Supplied information »
+--

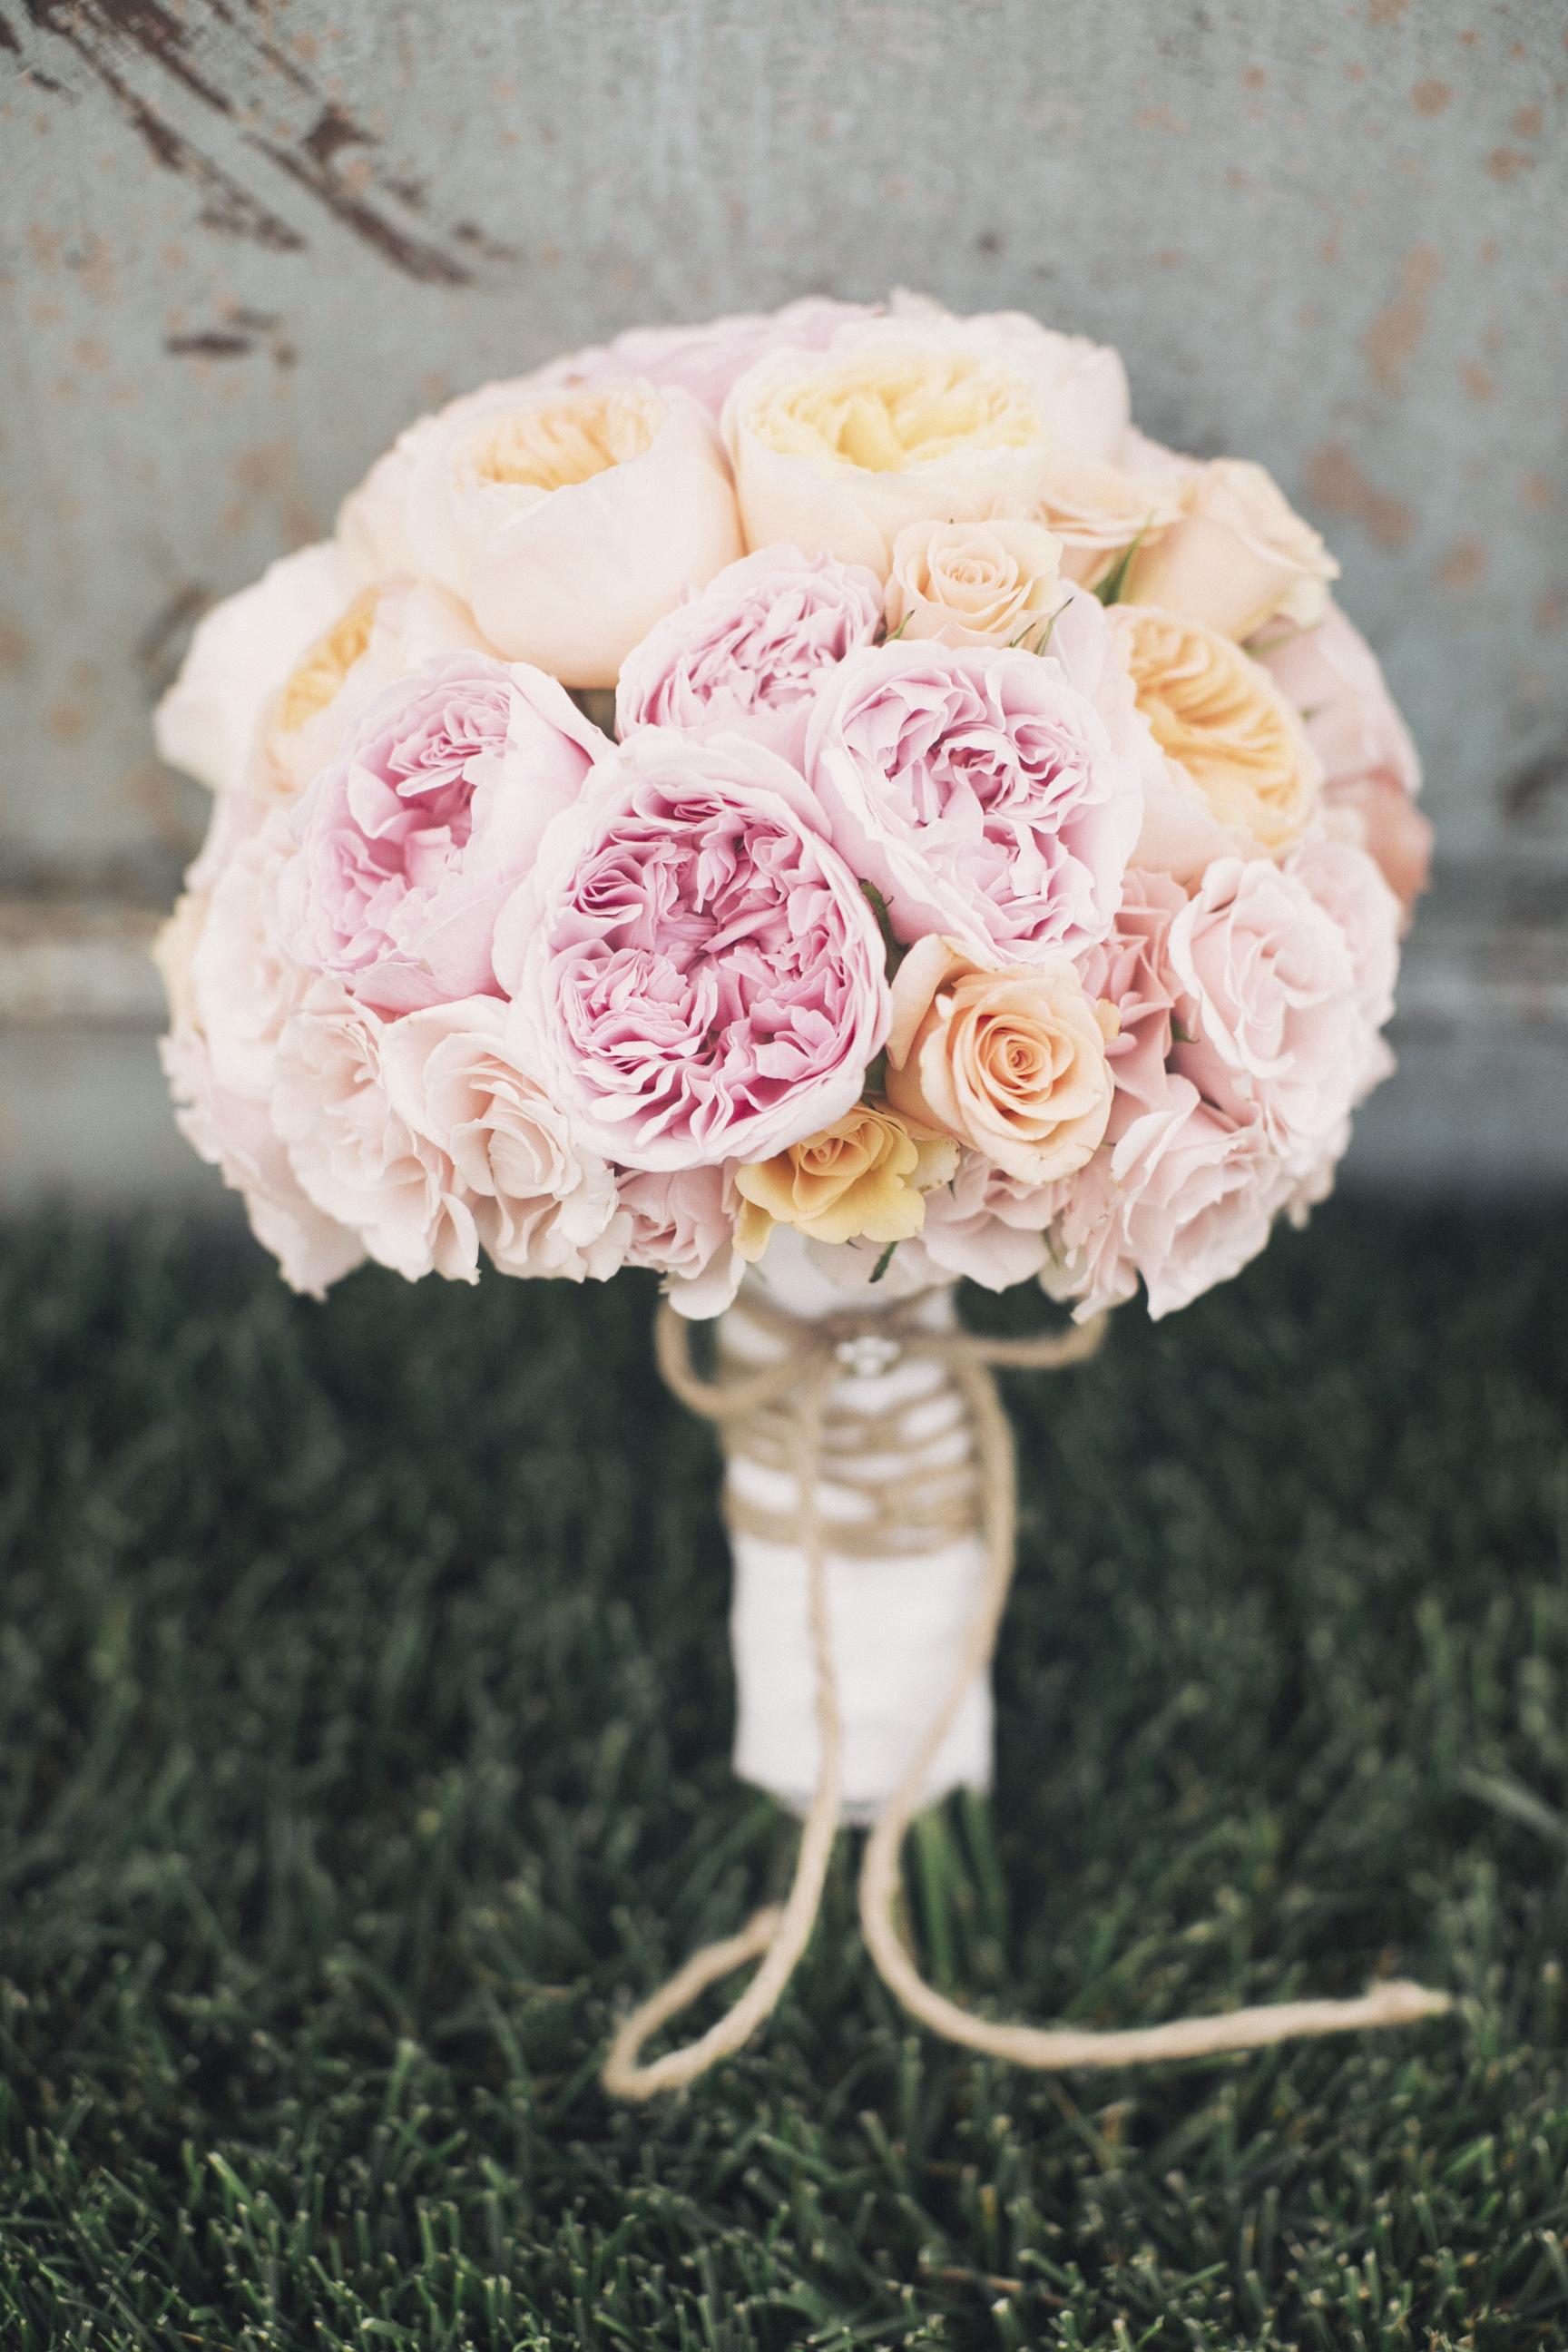 The best summer wedding bouquets huffpost life 2015 08 25 1440517291 1505494 hiddengardenflowersfocusphotographyg izmirmasajfo
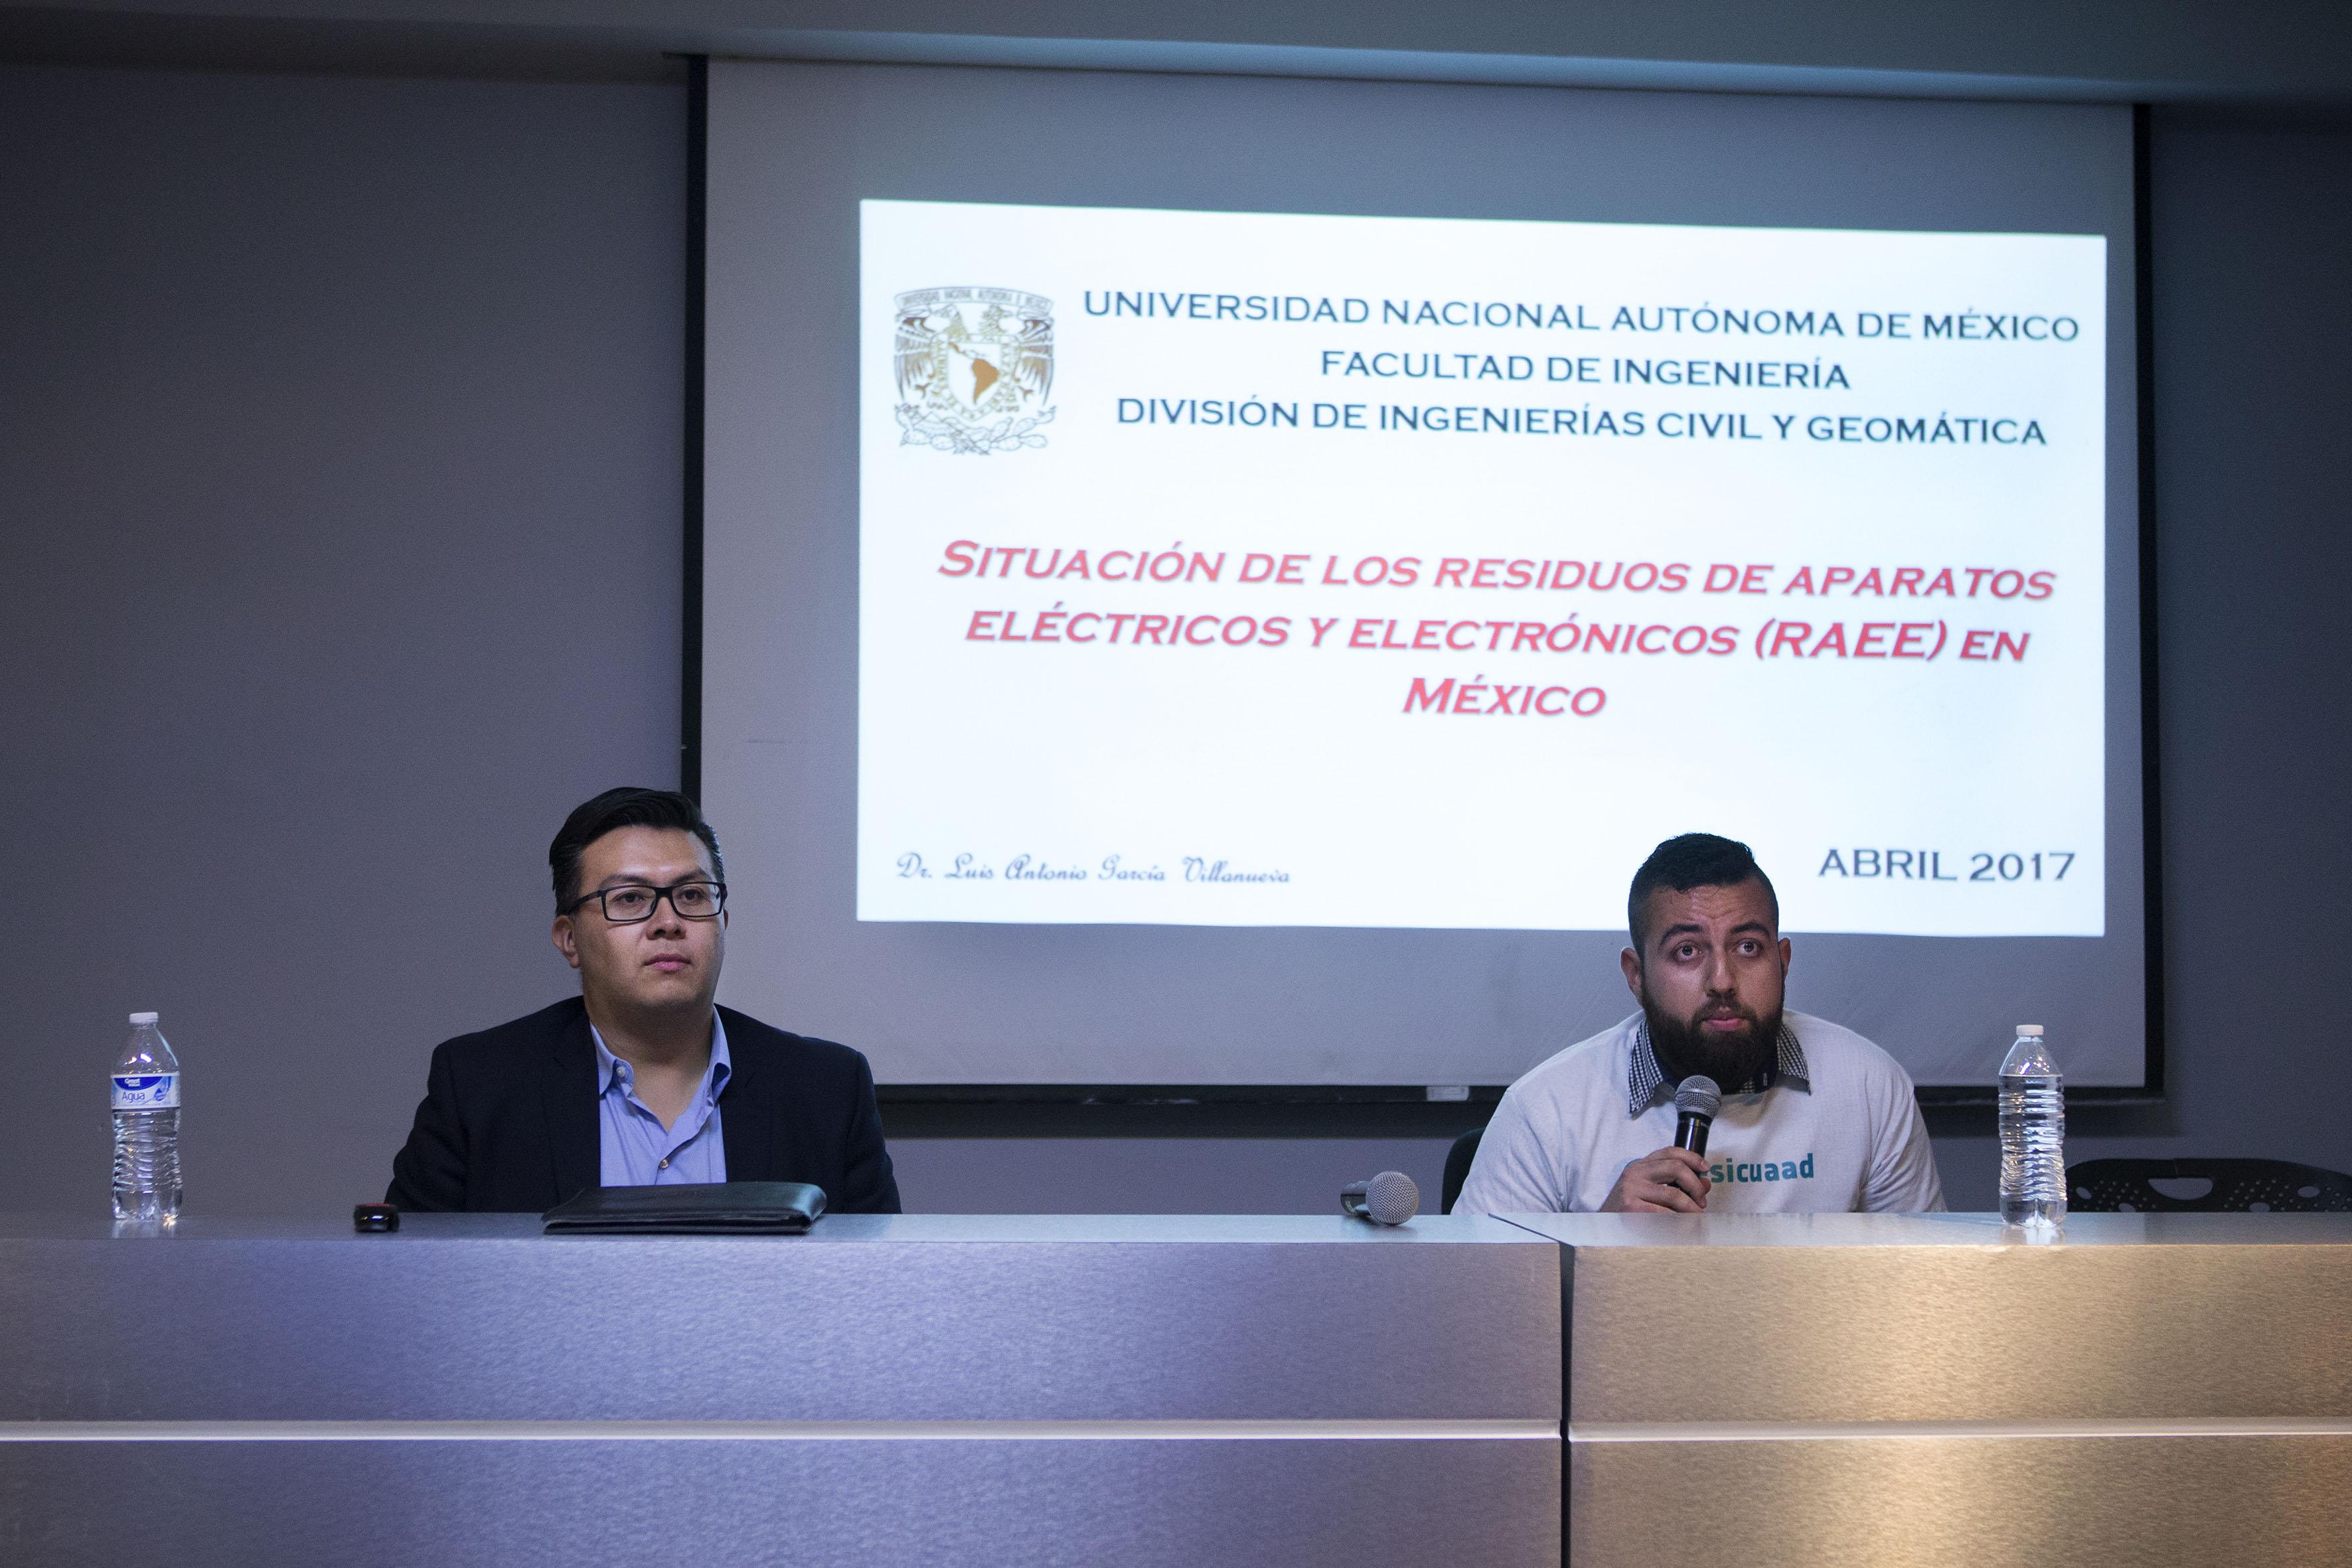 """Conferencia """"Situación de los residuos de aparatos eléctricos y electrónicos (RAEE) en México"""", organizada por el Centro Universitario de Arte, Arquitectura y Diseño (CUAAD)."""
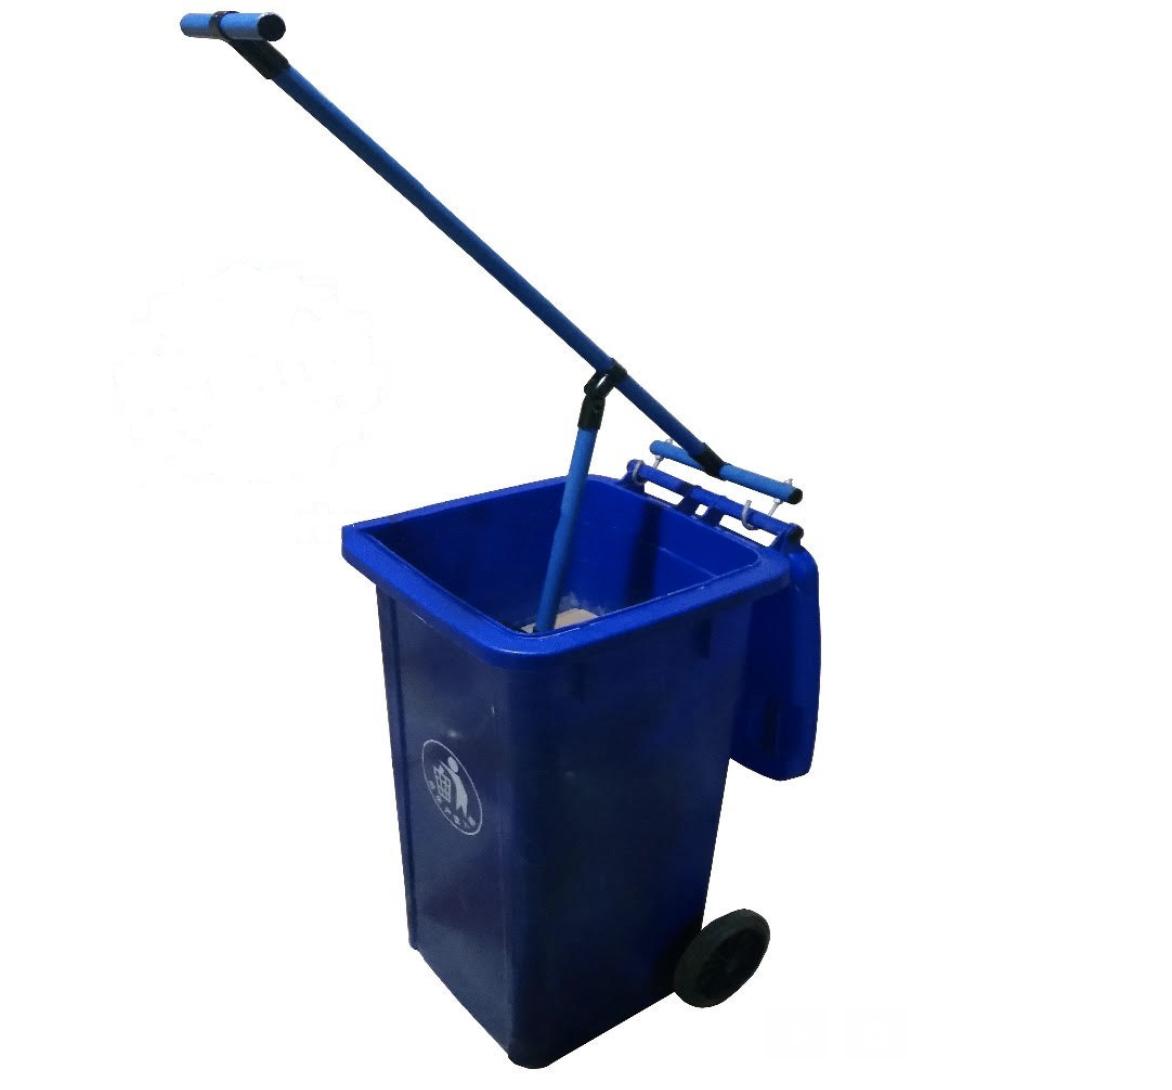 Manual Trash Compactor Waste bin compressor New. Metal frame

+--

Task » Give back the whole listing exactly; no pictures.

Response to this task »
 The best summer wedding bouquets huffpost life 2015 08 25 1440517291 1505494 hiddengardenflowersfocusphotographyg izmirmasajfo
 """Conferencia """"Situación de los residuos de aparatos eléctricos y electrónicos (RAEE) en México"""", organizada por el Centro Universitario de Arte, Arquitectura y Diseño (CUAAD)."""
 Manual Trash Compactor Waste bin compressor New. Metal frame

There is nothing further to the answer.